Year of Publication: 2009
Introduction:  Martin McLaughlin
Length:  402 pages
Genre:  Science-fiction, fantasy

This collection of linked short stories traces the history of the universe, from the Big Bang, across billions of years and galaxies, as narrated by the "cosmic know it all" Qfwfq, a shape-shifting being who has existed since the beginning of time, in a variety of forms and lives, including an amoeba, a mollusc, a dinosaur, a ship's captain, and a moon-milk gatherer, among others.  The stories usually begin with a brief explanation of a scientific premise (some still accepted, some of which are disproved) and then spin it off into a tale told by Qfwfq to an unidentified listener.  Qfwfq also is just one of a large number of immortal shape-shifters, who make up his family, friends, enemies and lovers, and they all have an all-too-human outlook on the cosmic events they witness and participate in.  Some of the stories do not involve Qfwfq at all, and make up unconnected scientific or post-modern tales, including a hunter at the point of loosing an arrow at a leaping lion, an assassin and his quarry trapped in a stalemate by a traffic jam, and a post modern version of the Alexandre Dumas story The Count of Monte Cristo.

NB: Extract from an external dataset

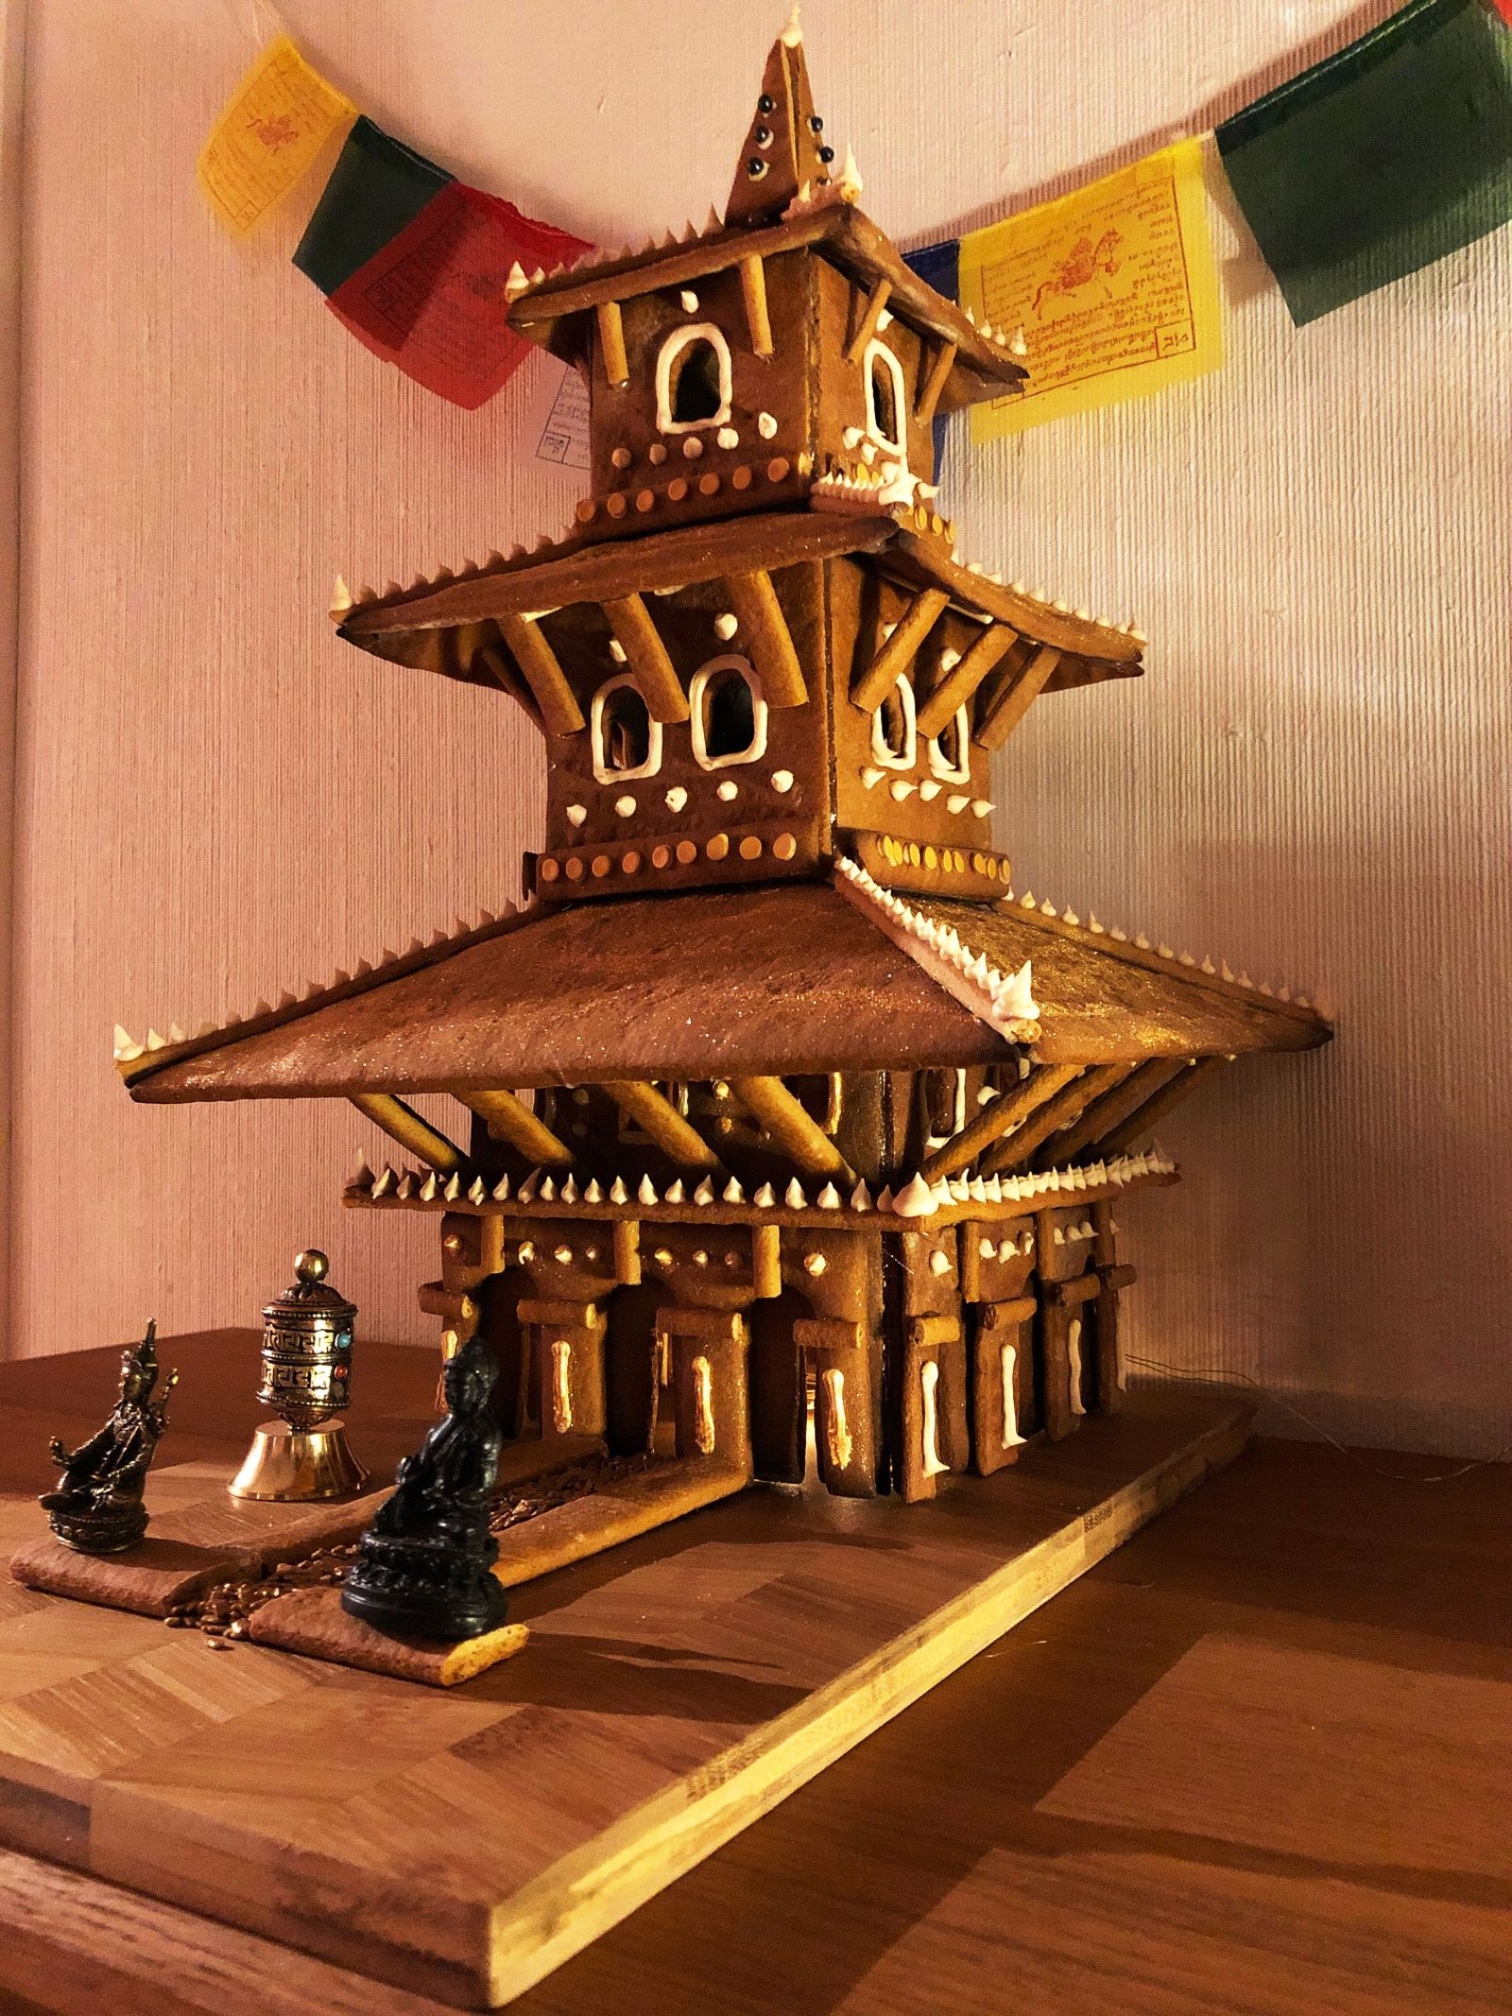 Tomas Svensson berättar att han blev inspirerad av sin dotters utbildningsresa till Nepal och de fantastiskt fina tempel som finns där! ”Tänkte att ett tempel måste gå att göra som ett pepparkakshus. Och här är resultatet”, skriver han.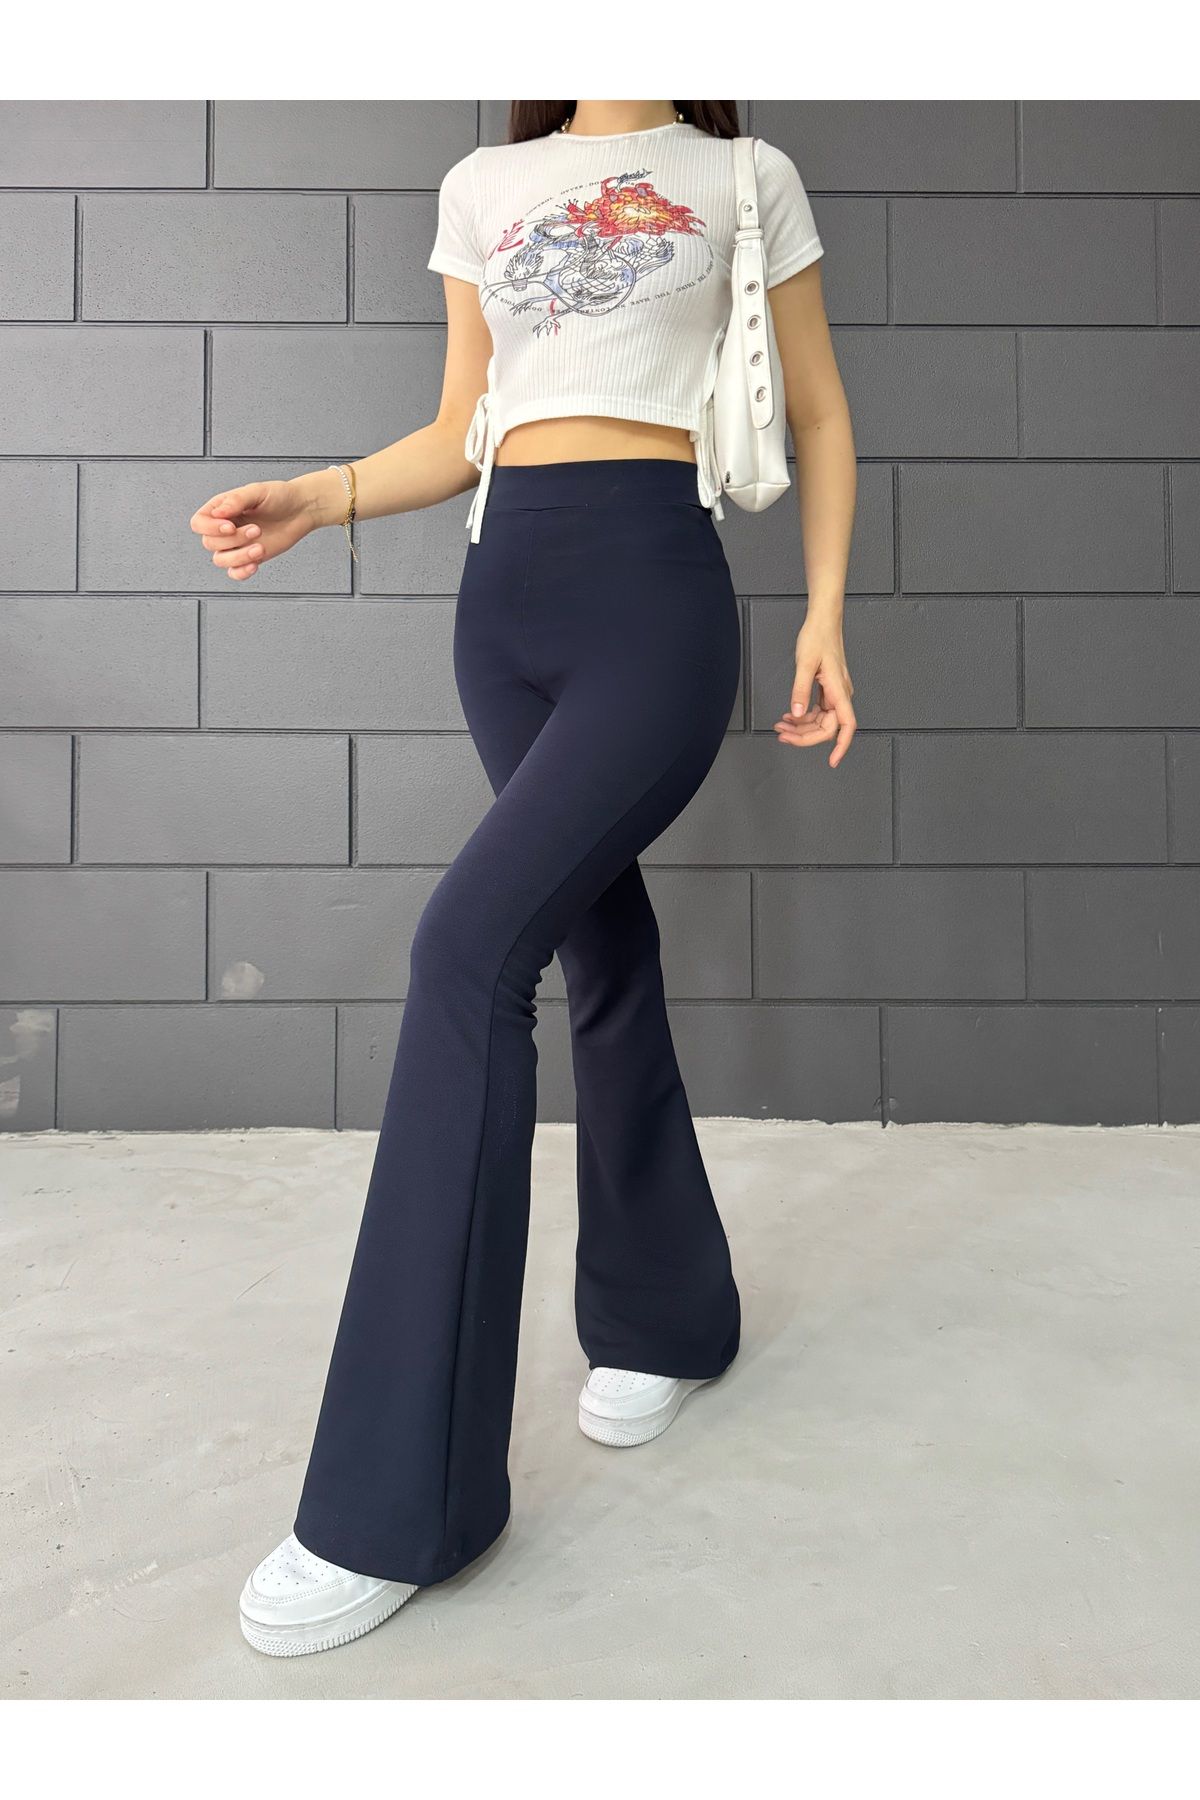 RuyaMood Kadın Lacivert İspanyol Paça Krep Yüksek Bel Likralı Toparlayıcı Tayt Pantolon

Italian author Italo Calvino began writing the "Cosmicomics" stories in the early 1960s and published them off an on from the 1960s to the 1980s.  The first collection, Cosmicomics was published in 1965 in Italian and 1968 in English, and was followed by t zero (1967, published in English as Time and the Hunter in 1970), and several others were published in different collections in the 1980s.  This book contains all of the stories from Cosmicomics and t zero as well as collecting other stories, some of which had never been published before.  The stories are usually very short, usually between 10 to 15 pages, with the longest being around 38 pages and made up of three interconnected segments.  The stories are often very surreal, sometimes very funny, playful. wildly inventive, some of the stories I found a little inaccessible, but usually they are fantastic short stories.  This is a wonderful book, and beautifully written.